Sunday, December 26, 2010
THOUGHTS ON CONGRESSIONAL REDISTRICTING AND GERRYMANDERING
Watch the legislatures of the several States now that redistricting is afoot! The Cook Political Report recently made public a couple of charts that reflect political volatility in the marketplace of partisan ideas and ideologies.
Cook's first chart, the 2012 COMPETITIVE HOUSE RACE CHART, lists by party those districts and Members of Congress vulnerable to being picked off. Cook lists three categories, likely, lean, and toss up, for each party. The second chart is Cook's report on HOUSE MEMBERS WHO WON WITH 55% OR LESS.
Missouri, known for being a traditional bell weather state has one District listed as "Lean Democratic" by Cook. That is Missouri's Third Congressional District which Cook gives a Partisan Voting Index (PVI) of D+7.
In Missouri three Members of Congress won their 2010 races with 55% or less of the vote. Kansas City's Emanuel Cleaver held off his Republican opponent Jacob Turk to win a fourth term. This will be Cleaver's fourth term. He has now defeated Turk three times. Cleaver's winning percentage in 2010 was 56.1% The Cook PVI for the Fifth Congressional District in Missouri is D+10.

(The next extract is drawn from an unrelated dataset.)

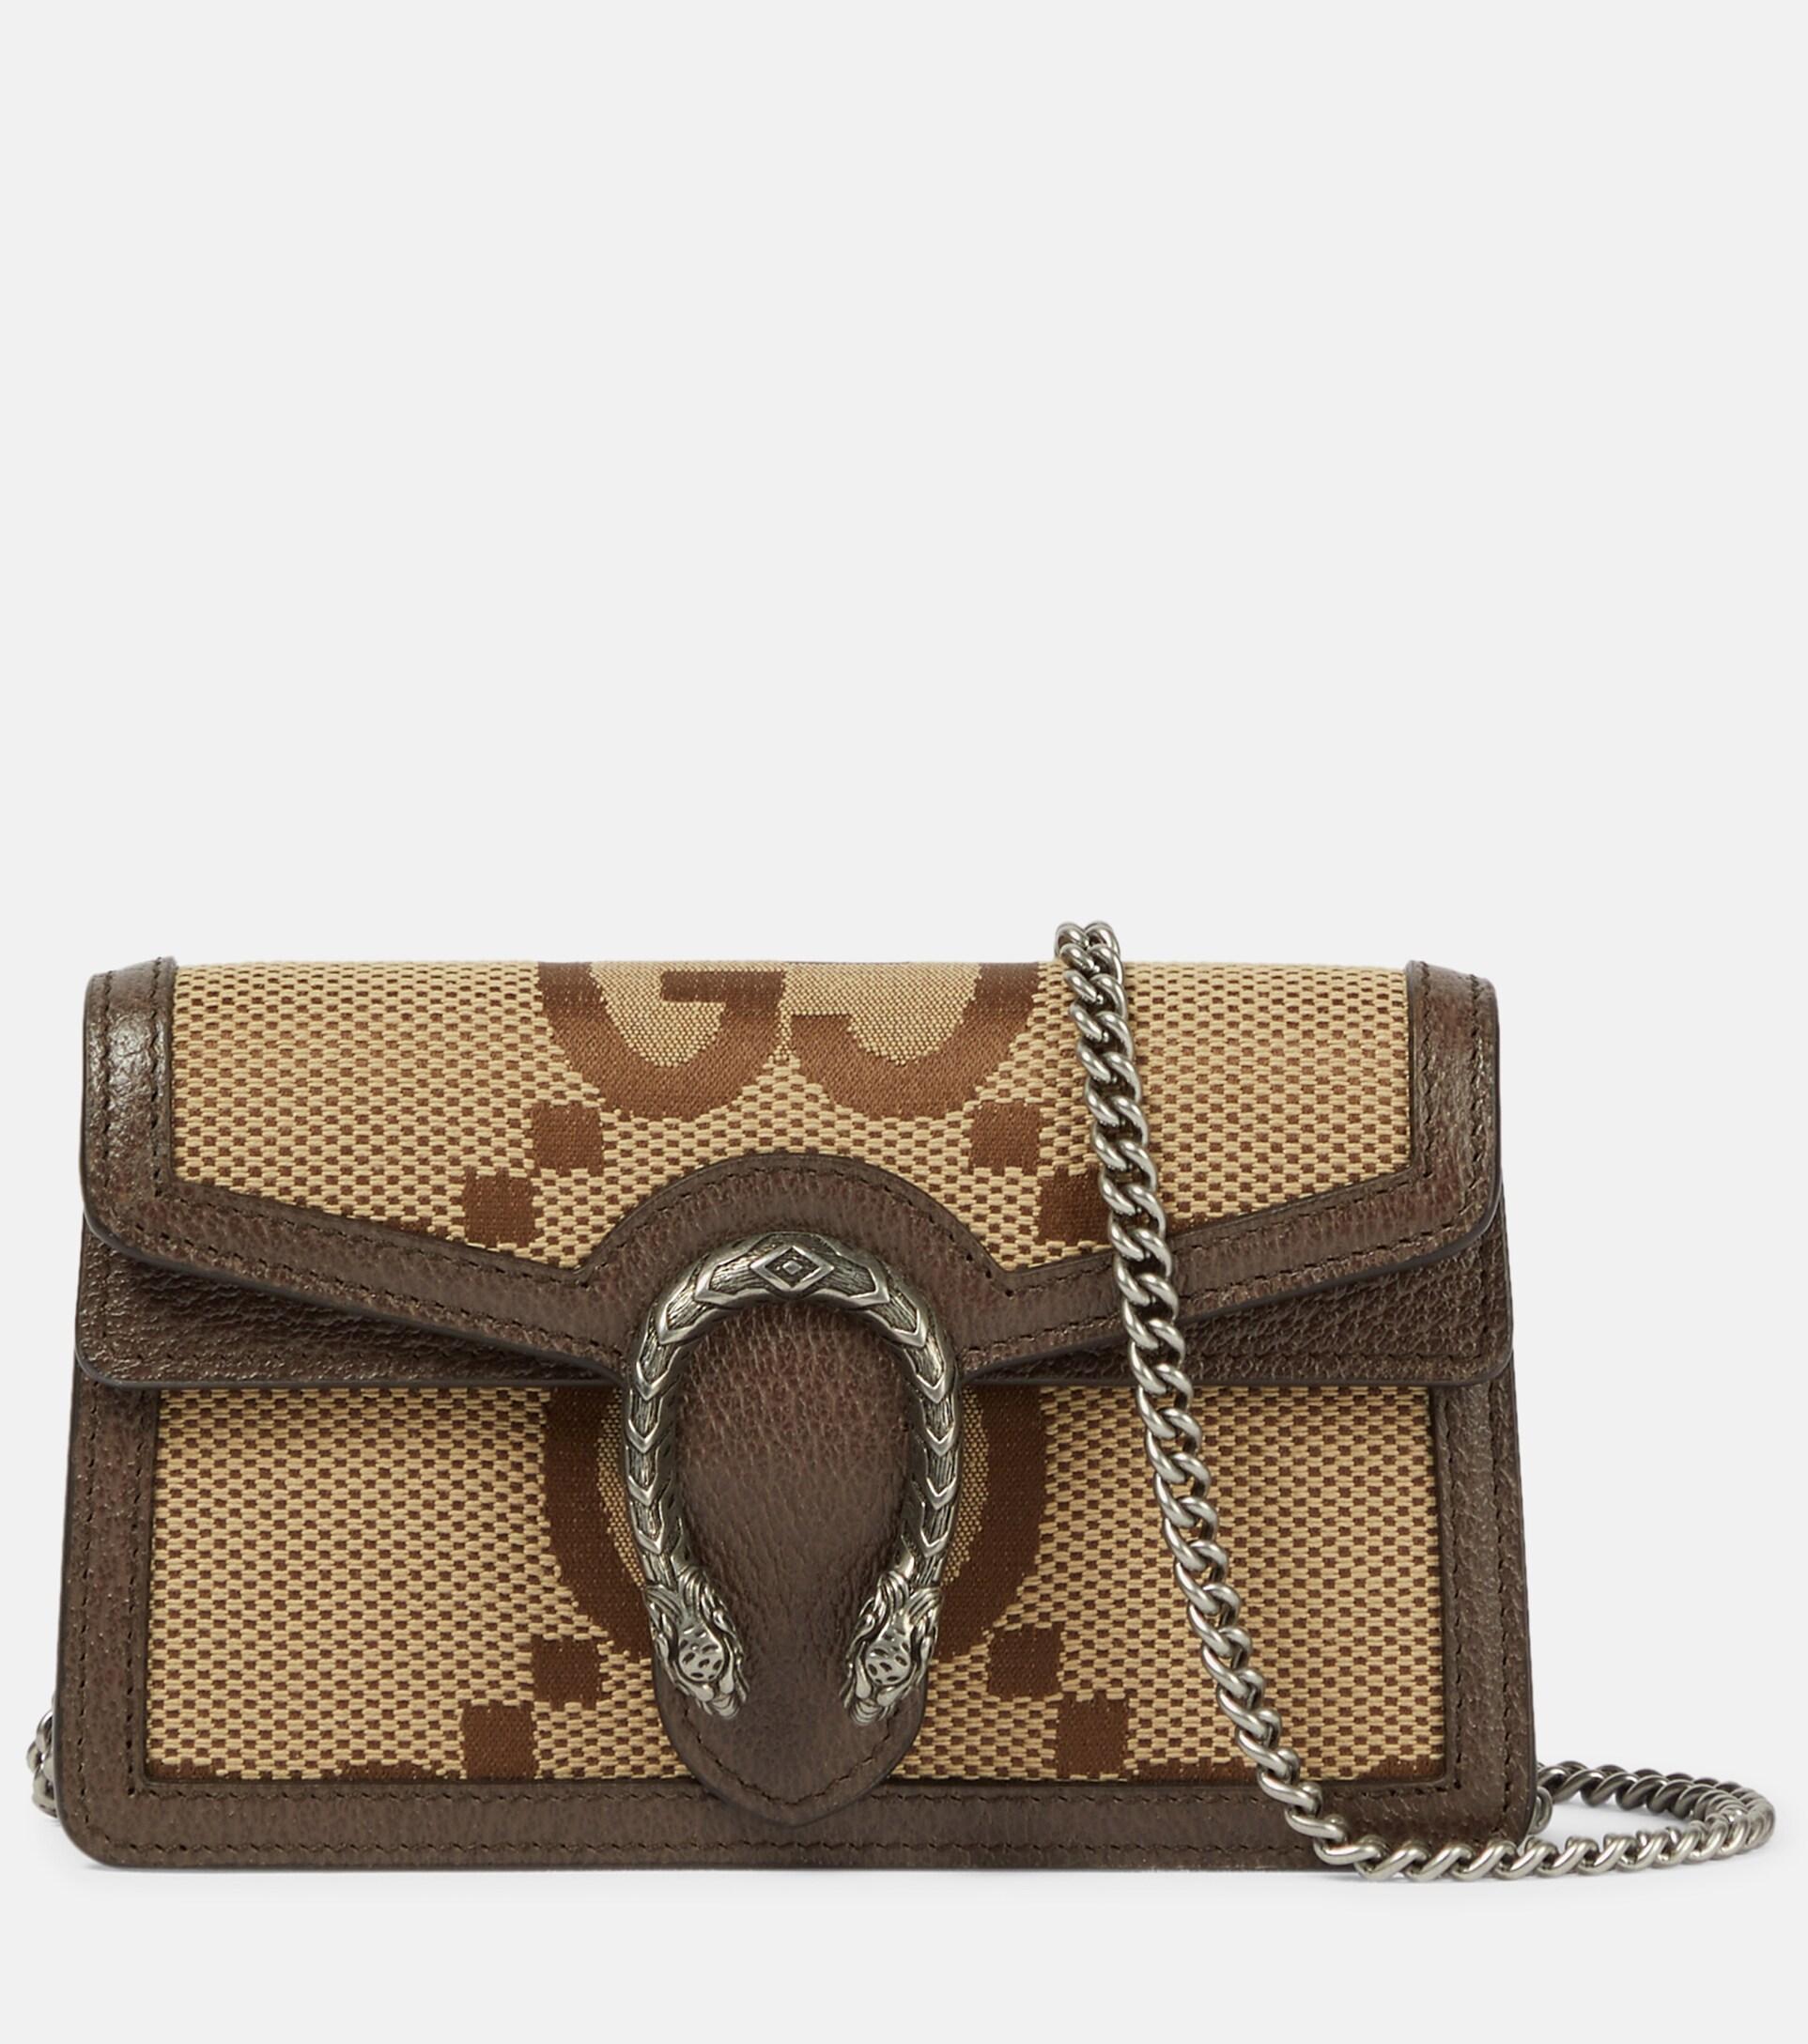 Gucci Dionysus GG Supreme Mini Shoulder Bag in Brown | Lyst

Republican Vicky Hartzler bested long time Democratic Representative Ike Skelton to win her first term in Congress. Republican redistricting efforts paid off for them in Missouri. I recall when Missouri's Fourth Congressional District was a small pocket of counties immediately to the East and South of Kansas City's Jackson County. Missouri's Fourth Congressional Index has a PVI of R+14.
Today the Fourth Congressional District goes deep into the heart of Southwest Missouri. It includes places like Lebanon, Missouri which used to be in the Seventh Congressional District. The Seventh Congressional District is a Republican Stronghold having produced Representatives Roy Blunt, Gene Taylor, and Durwood G. "Doc" Hall.
Russ Carnahan has been the Democrat representing Missouri's Third Congressional District since 2005. After Dick Gephardt retired Carnahan won the seat in 2004. This will be Carnahan's fifth term. He squeaked by his Republican opponent, Edward Martin, Jr., with a winning percentage of 48.9%. The last time the district lines changed in Missouri was 2003.
The Census Bureau has made available an online map to let you see which states will gain seats and which states will lose. It is located at: http://2010.census.gov/2010census/data/.
Missouri is going to lose a seat in Congress after the redistricting dust settles. This will set up a contentious redistricting between the Governor, Democrat Jay Nixon, and his Republican controlled legislature. You can bet that in Missouri Republicans will want to continue whittling away at Democratic districts. Nixon will try to shave Republican areas back from seats currently held by Democrats.
The process will be more complicated in other states such as Arizona and Texas. These states have both the legislatures and the executive offices controlled by Republicans. Their dilemma is that each have to add seats and how do they splinter the vote so that the newly districts created are not Democratic? Much of the calculus for the population increase in these states is attributable to Hispanic voters, primarily non-Cuban Latinos. Due to the harshness of the Republican stance on Latinos, especially in these two states, drawing those lines will be difficult.
Expect to hear much discussion in the next two years about Gerrymandering. That is the process of drawing district lines to maximize your party's dominance and minimize the oppositions chances at being elected. The term originated in 1812 after redistricting in Massachusetts resulted in a district somewhat resembling a salamander. The name of the Governor, Elbridge Gerry, combined with the reptile to give the process a name.